President of the American Library Association
- In office 1950–1951
- Preceded by: Milton E. Lord
- Succeeded by: Loleta Dawson Fyan

Personal details
- Born: Clarence Reginald Graham February 28, 1907 Louisville, Kentucky, US
- Died: January 28, 1989 (aged 81) Louisville, Kentucky, US
- Occupation: Librarian

= Clarence R. Graham =

American librarian (1907–1989)

Clarence Reginald "Skip" Graham (February 28, 1907 – January 28, 1989) was a prominent librarian and leader in the profession. He was president of the American Library Association from 1950 to 1951.

Graham was president of the Kentucky Library Association in 1946–1947. He was president of the Southeastern Library Association from 1948 to 1950.

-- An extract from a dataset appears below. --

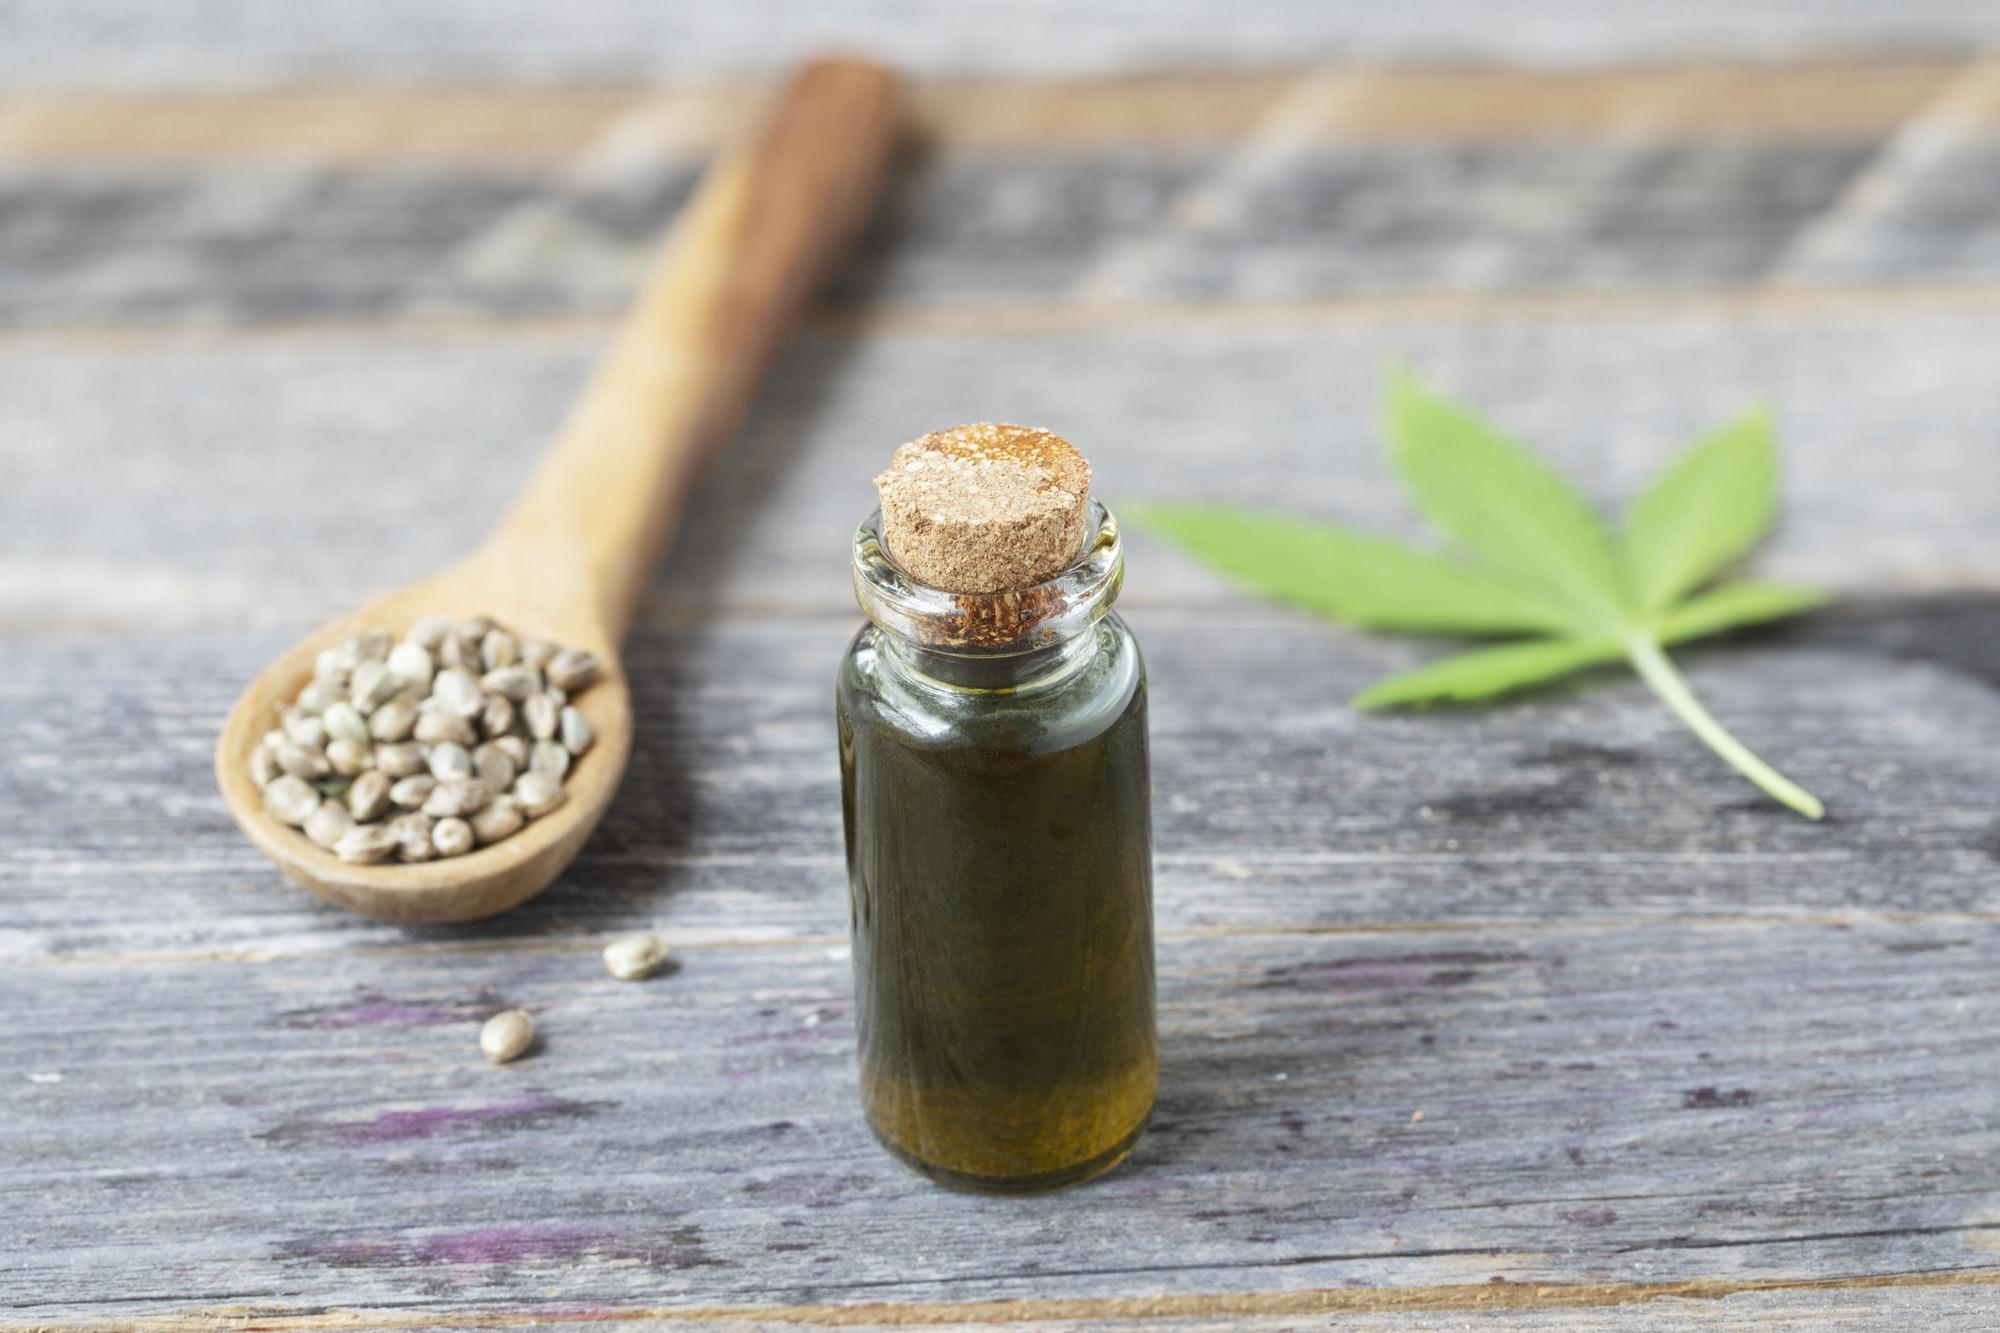 Small Bottle of CBD Oil

Graham served as director of the Louisville Public Library for 35 years (1942-1977). In 1952, under his leadership, the Louisville Free Public Library became the first public library in the South to open its main library to African Americans. He became a national figure in the 1950s when he and the Mayor of Louisville, Kentucky, Charles Farnsley, made the public library a model for communities nationwide. Their partnership included a library-based radio station (WFPL) in 1950; concerts and university lectures in the libraries; and 16-mm movies and prints of works of art you could check out. Graham retired in the early 1970s.

Graham was president of the American Library Association during the organization's 75th Anniversary Celebration.

==Publications==
- Graham, Clarence R. The First Book of Public Libraries. New York: Franklin Watts, 1959.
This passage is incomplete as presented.